= Latmiya =

Muharram ritual expressing grief

Latmiya (لَطْمِيَّة), Matam (ماتم; मातम), Sina-Zani (Persian: سینه زنی) or Sinadoydu (Sinədöydü; سینه‌دویدو) is a form of ritual mourning practiced by Shia muslims. The practice involves the rhythmic thumping or striking of the chest usually with the hand, often accompanied by participants reciting poetic elegies and chants that commemorate the martyrdom Prophet Muhammad's grandson, Husayn Ibn Ali and his companions who were brutally killed during the Battle of Karbala. Although it is also done to commemorate other holy figures within Shia Islam.
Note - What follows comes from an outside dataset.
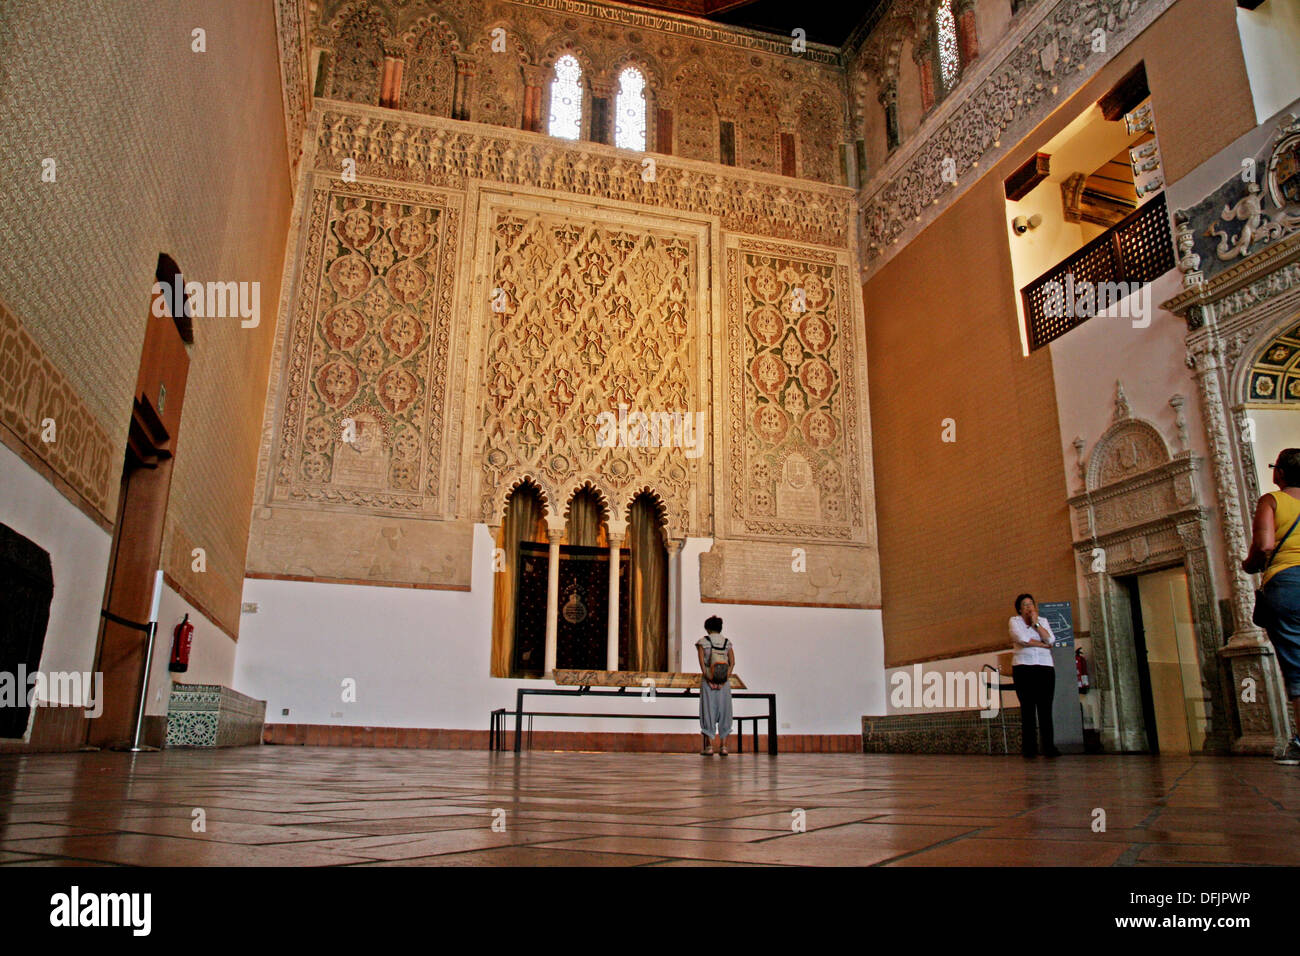 Transit Synagogue, s. XIV, Sephardic Museum, Toledo, Spain. Stock Photo

Latmiya forms part of the wider tradition of azadari, Mourning practices commemorate Husayn ibn Ali and his comrades' deaths at the Battle of Karbala in 680 CE. The ritual serves religious, emotional, cultural, and social purposes, and in some historical and contemporary circumstances, it has taken on political significance.

== Ritual practice ==
The performance of latmiya follows a typical structured rhythmic pattern, it begins in a slow tempo where participants strike their chest in cadence with the opening lines of the noha (elegy). As the maddahs recitation increases in emotional intensity and tempo, the speed and intensity of the chest-beating increases accordingly. The collective chest-beating functions as the primary percussion and rhythmic framework for the recitation, as traditional music instruments are excluded from formal Shia gatherings. The latmiya is done collectively, within specialized Shia gathering spaces such as a Hussainiya or an Imambargha. Rituals are attended by both men and woman but in separate designated sections, while indoor gatherings are common, latmiya is also performed outdoors on significant dates such as on the day of Arbaeen. Although latmiya is most prominent during the Islamic month of Muharram, it is practiced throughout the year for events such as the martyrdoms of the twelve Imams, occurring in places of worships and even private homes. Due to the non-obligatory and fluid nature of latmiya, the practices take on different forms and qualities depending on specific context and the culture that is performing it, hence it has adapted to different sociocultural contexts.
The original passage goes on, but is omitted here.